I am very new to assembly and I am wondering about the behavior of ret. If i never use a call during the code, but put a ret at the end, the code just goes back to the beginning. Is this a default behavior when there is no call used? If I used a jmp, would that affect the behavior of ret if there is still no call used?
2 Answers
call
puts the next instruction's address into the call stack, then jumps to the target address.
ret
pops the last address from the call stack, then jumps here. It seems that if the stack is empty, it returns 0x00000000
, and it jumps to the start of the program. At least in some systems. You should not use this because of address space violations.
jmp
has no effect on the call stack, so it won't modify the behavior of ret
.
Edit: As @PeterCordes wrote; if you use push
or pop
, they can write stack memory, and ret
would pop that.
In many systems, the bootup/startup code actually calls the main()
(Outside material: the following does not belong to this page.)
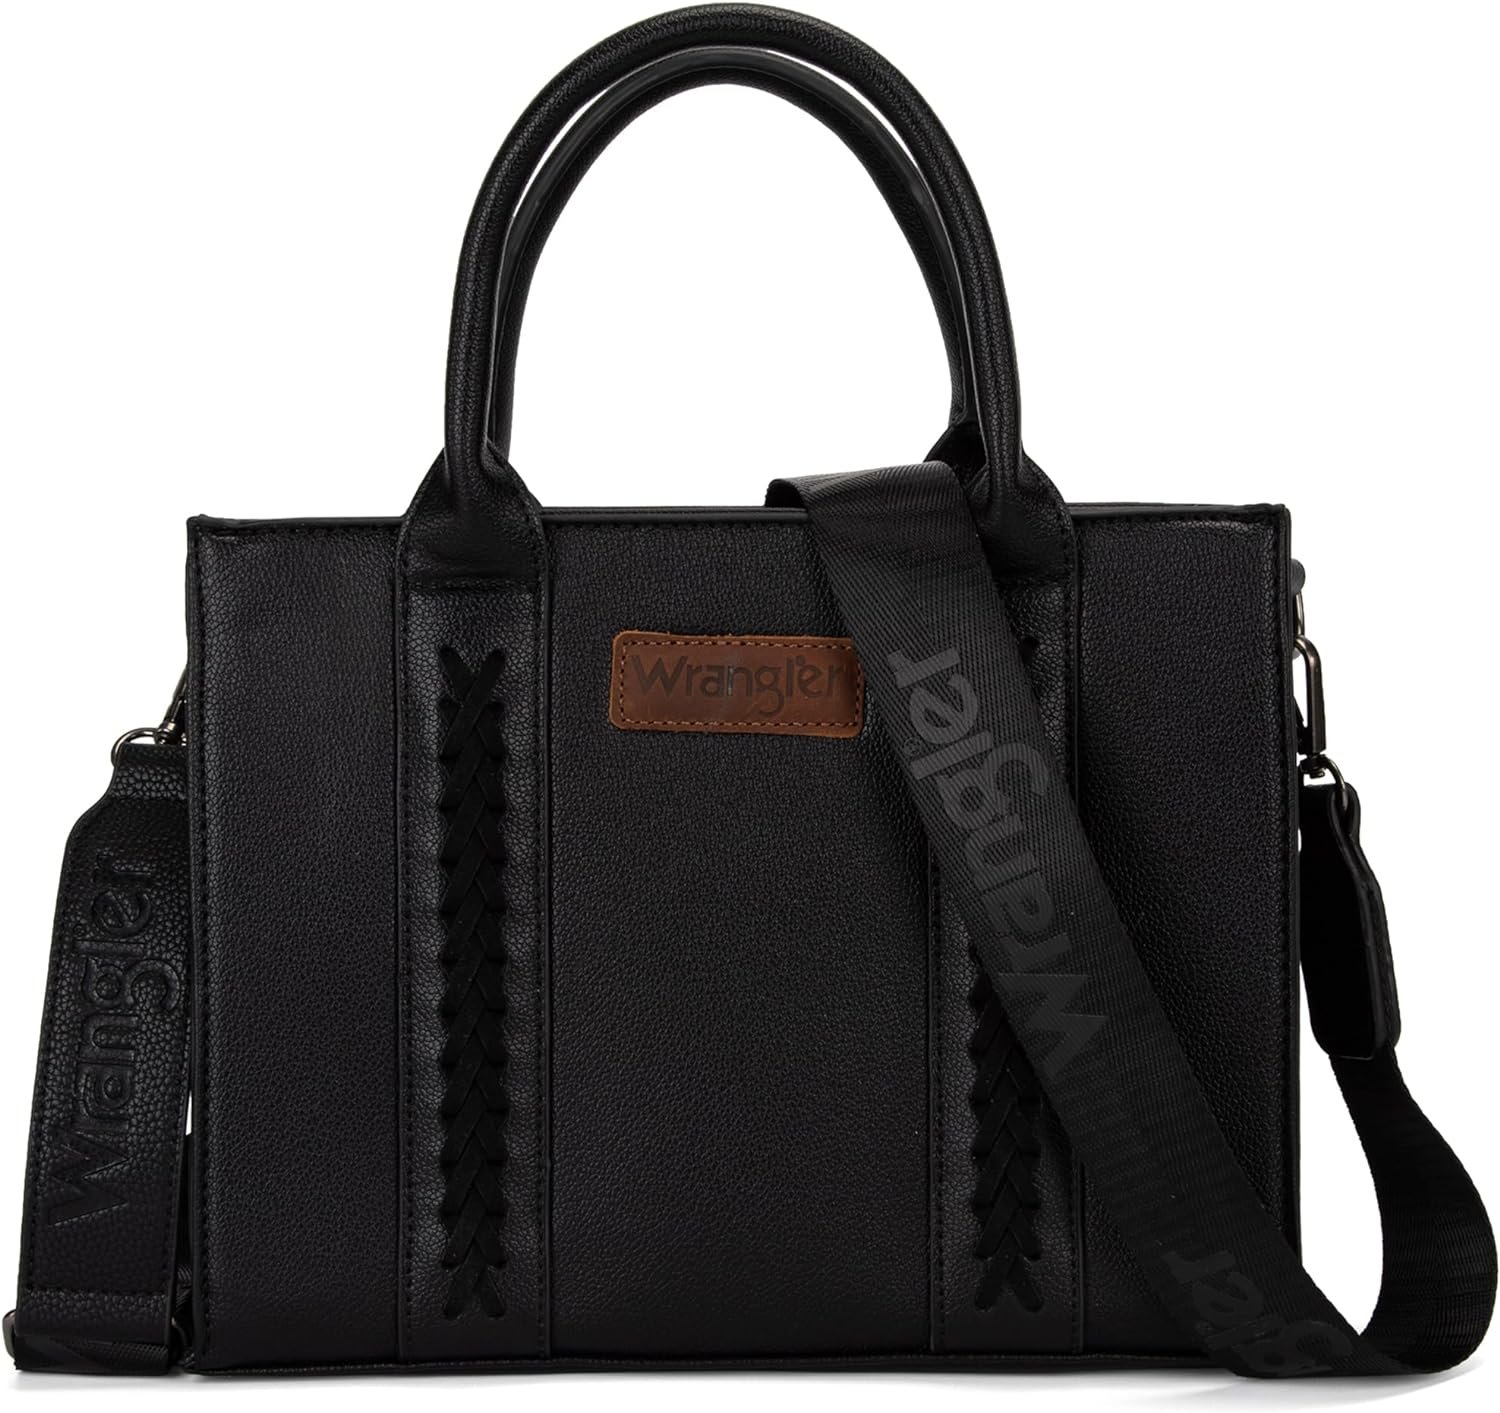 Wrangler Tote Bags for Women Top-handle Handbags and Purses for Women

function (or its equivalent), e.g. bare metal AVR programs using https://www.nongnu.org/avr-libc/ (That has the advantage that the compiler can compile main()
as a function like any other, not needing any special treatment).
So when your user code in main()
does ret
(even though your user code itself never actually calls anthing), your user code will return from that implicit call and the bootup/startup code will continue running.
Now the question is what the bootup/startup code does after main()
has returned. It could go into an endless busy loop, halt the system, power down, reboot, etc.